Most world religions, it seems to me, have spiritual practices centered on food.
Often it is refraining from eating certain foods, or eating only foods raised, prepared or blessed a certain way—vegetarianism, hallal, and kashrut come quickly to mind. There are also ritualized meals, such as the Passover seder and its transmogrified stepchild, the Eucharist. Food and drink frequently follow worship in many traditions.
And, of course, there are fasts—abstaining from all food or certain foods for a set period of time—the Day of Atonement, the month of Ramadan, or the season of Lent.
Religious liberals are not without food practices. Many of us seek out locally grown or organic produce, refrain from eating food produced by corporations or food that is highly processed.
Religious liberals, of course, are free to keep a fast or not. Often, our food practices (like much of what we do) are what we choose for ourselves.
The discipline of fasting has a bad reputation among religious liberals, as overlayed as it is for many with uncomfortable memories of headaches and stomach gurglings during endless Yom Kippur services or the guilt and temptation of restrictive Lenten practices or dying for a sip of water during Ramadan. We were supposed to feel bad about ourselves somehow, something that goes against the grain of liberalism’s spirit.
There are some things that religious liberals don’t do well, and penance is one of them. Discipline is another. While preparing for a Sunday morning service on forgiveness, my congregation’s music director and I reflected on the dearth of materials about being sorry and confessing one’s wrongs in the Unitarian Universalist hymnal. There were readings and songs about forgiveness, of course, but none that explicitly ask for forgiveness for missteps. The music director said: “It’s as if UUs are always forgiven, but never sorry.”
Because fasting is associated with penance and forgiveness of sin in the Abrahamic faith traditions, many religious liberals reject it. We’re not big on including in our religious life admitting we made a mistake, got something wrong or did harm to others—and saying sorry. We’re not big on guilt, often because we confuse guilt with shame. Guilt is the sign that one’s moral conscience is alive and well, and is triggered when we realize we have caused harm; shame is the pervasive sense that one is worthless or unworthy.

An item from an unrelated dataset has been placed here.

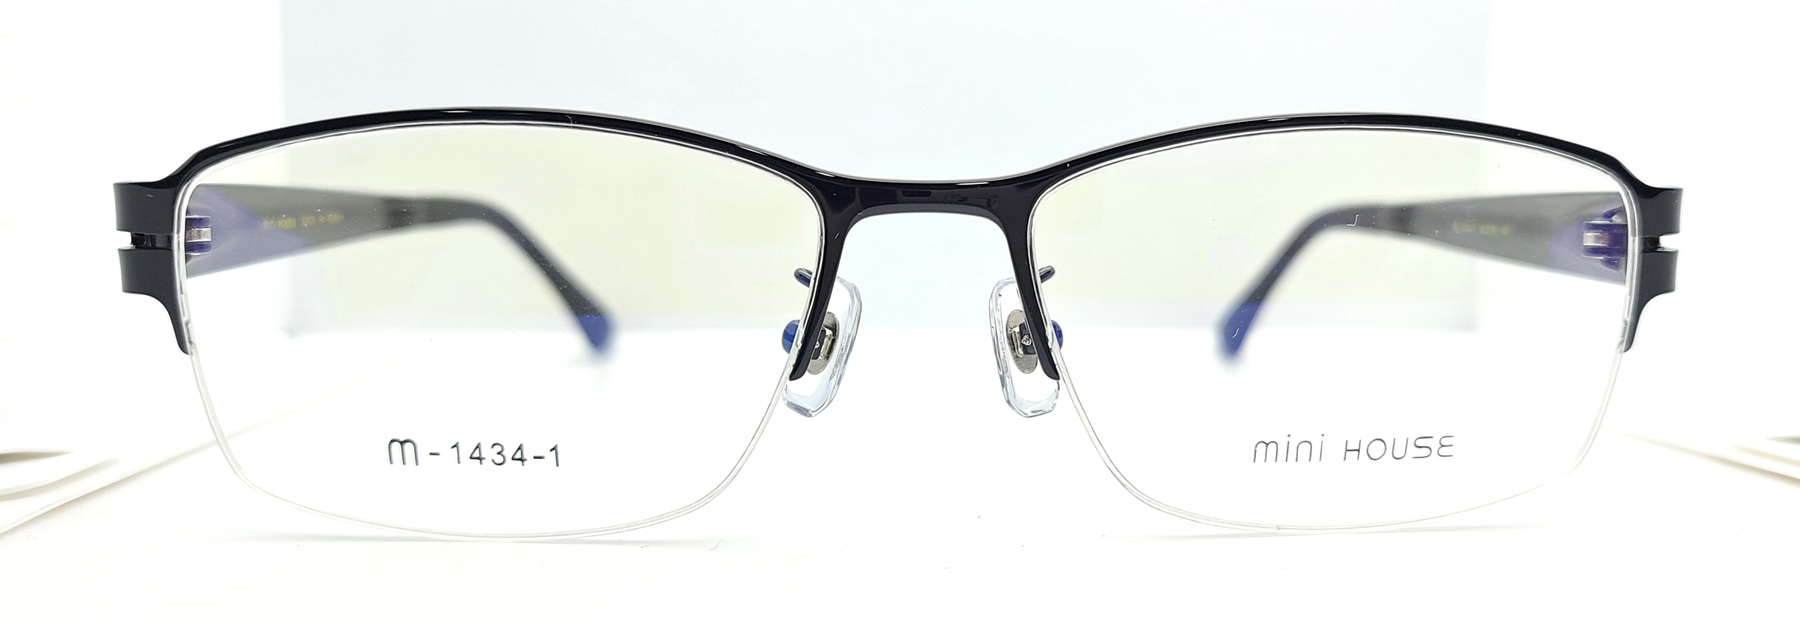 MINIHOUSE M-1434-1, Korean glasses, sunglasses, eyeglasses, glasses

Liberal Christians have reinterpreted Lent as a season of introspection and spiritual discipline. “You don’t have to give anything up,” they cheerfully say, “take something on instead, like daily prayer or meditation or Bible-reading.”
As a religious liberal myself, I also object to the mortification of the flesh implied in many forms of fasting. It is the body that must be disciplined, in this view, because it is the source of sin and wrongdoing. One must rise above the flesh to be more spiritual, more like God—dispassionate and bodiless. I disbelieve in this willed opposition of body and soul, earth and spirit.

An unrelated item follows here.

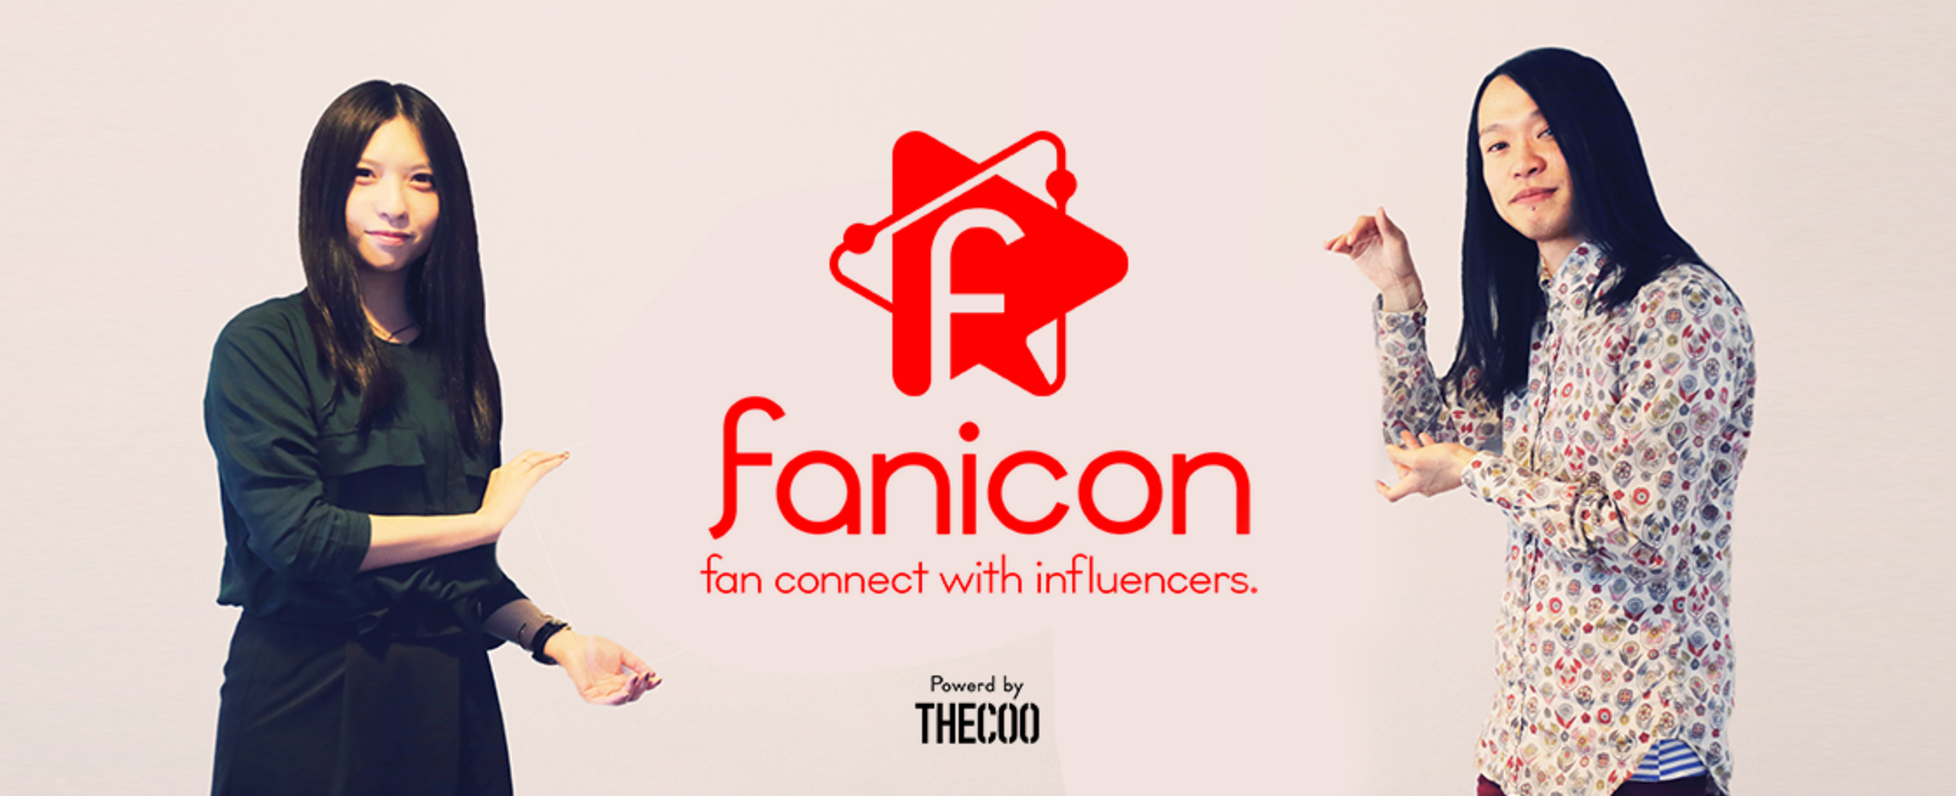 「fanicon」の画像検索結果
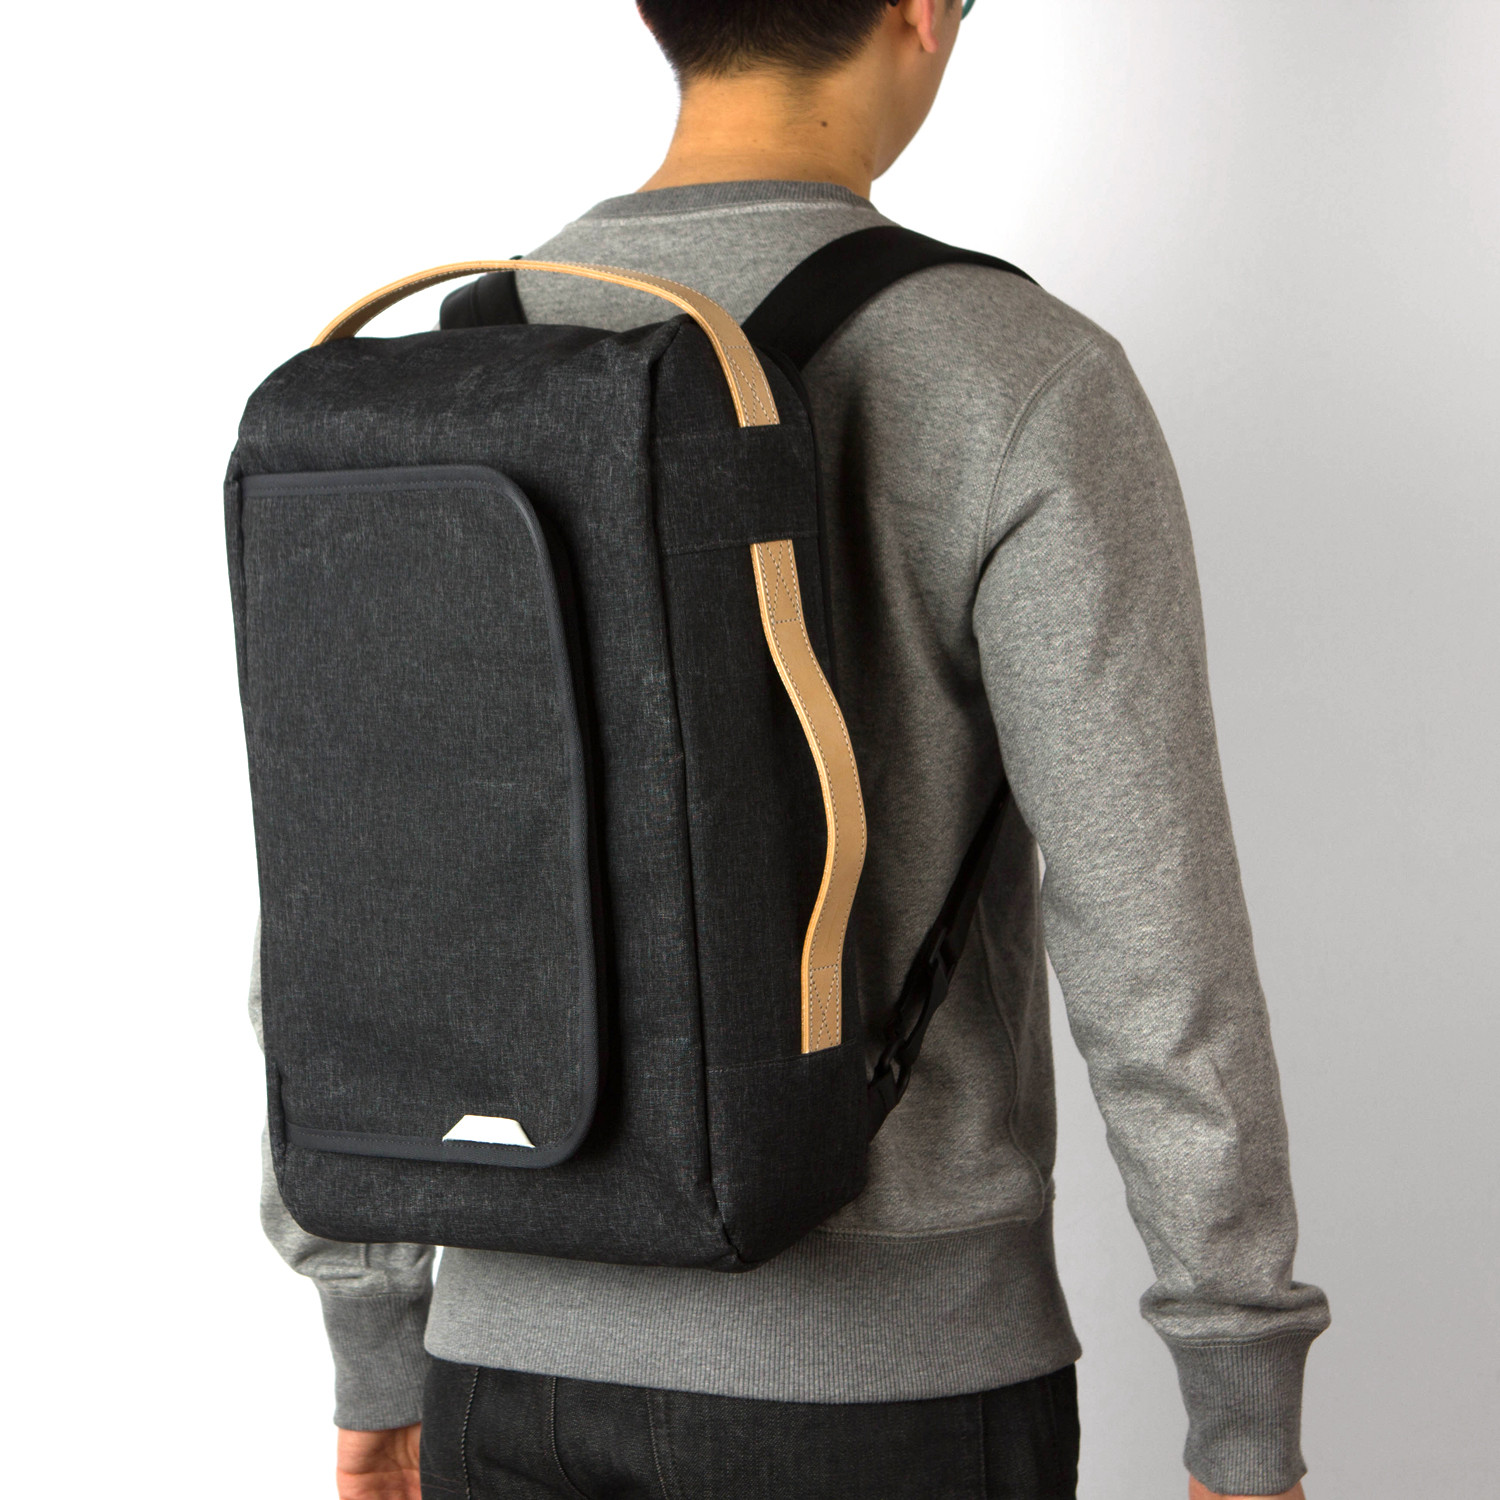 Signature Laptop Backpack 101 // Waxed Kodra Nylon (Charcoal) - RawRow

So with all of this in mind, I have decided to give up meat and dairy for Lent. (Or, for the cheery positive thinker, I have decided to take up veganism). Well, vegan until dinner, as Mark Bittman advises. For personal reasons, I choose not to deem entire food groups forbidden and off limits, so I may eat limited amounts of meat and dairy at my evening meal.
Abstaining from meat and dairy has been the traditional practice during Lent, of course. Interesting that what we now call veganism has been embedded in the practice of many North Americans by another name for so long. I’ve been eating less and less animal products over the past several years, and have become more conscientious about eating locally produced and whole foods. Often, I have been enjoined to try going completely vegan for a limited time—forty days or a month is often suggested—and I kind of put two and two together: vegan for forty days during Lent.

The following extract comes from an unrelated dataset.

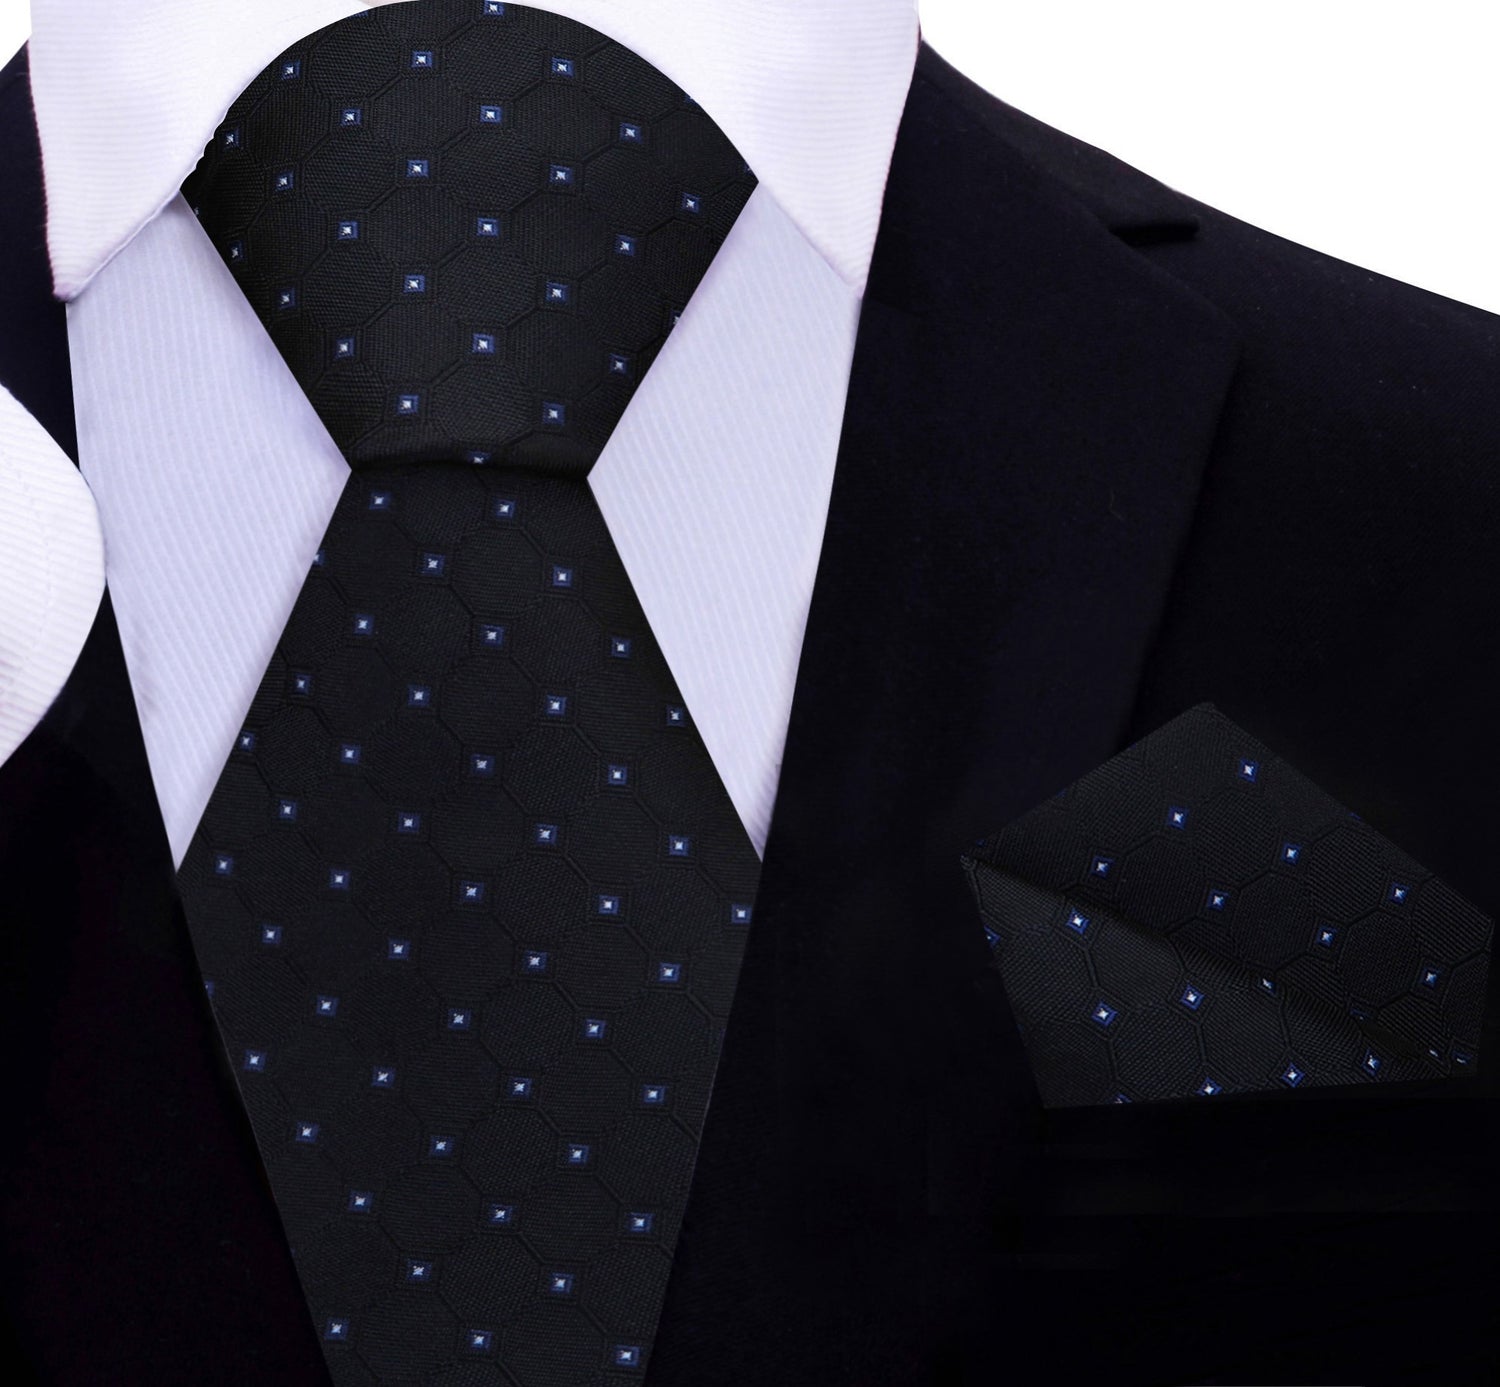 A Black, White Geometric Texture With Small Black, White Checks Silk Necktie, Pocket Square

Because food is so daily, cooking and eating so regular in my day, I like having a spiritual practice associated with it. It creates an atmosphere of mindfulness. The routine and mundane take on significance. There is a sense in which I am somehow participating more consciously in the rhythms of the earth. My daily choices have an effect on animals and farmers and climate change and natural resources. It reminds me that I am connected to something larger than myself, that I am a strand in a vast interconnected living web. Care of the body and care of the larger earthbody are simultaneous.
For those of you who observe Lent, however you mark it, may it indeed be a time of introspection and prayer, mindfulness and preparation for the coming banquet to which all are invited and nobody turned away hungry.
I am also doing a food-based Lent. Husband and I give up going out to eat and I also add on going vegan. Good Luck and I hope it provides what you are looking for.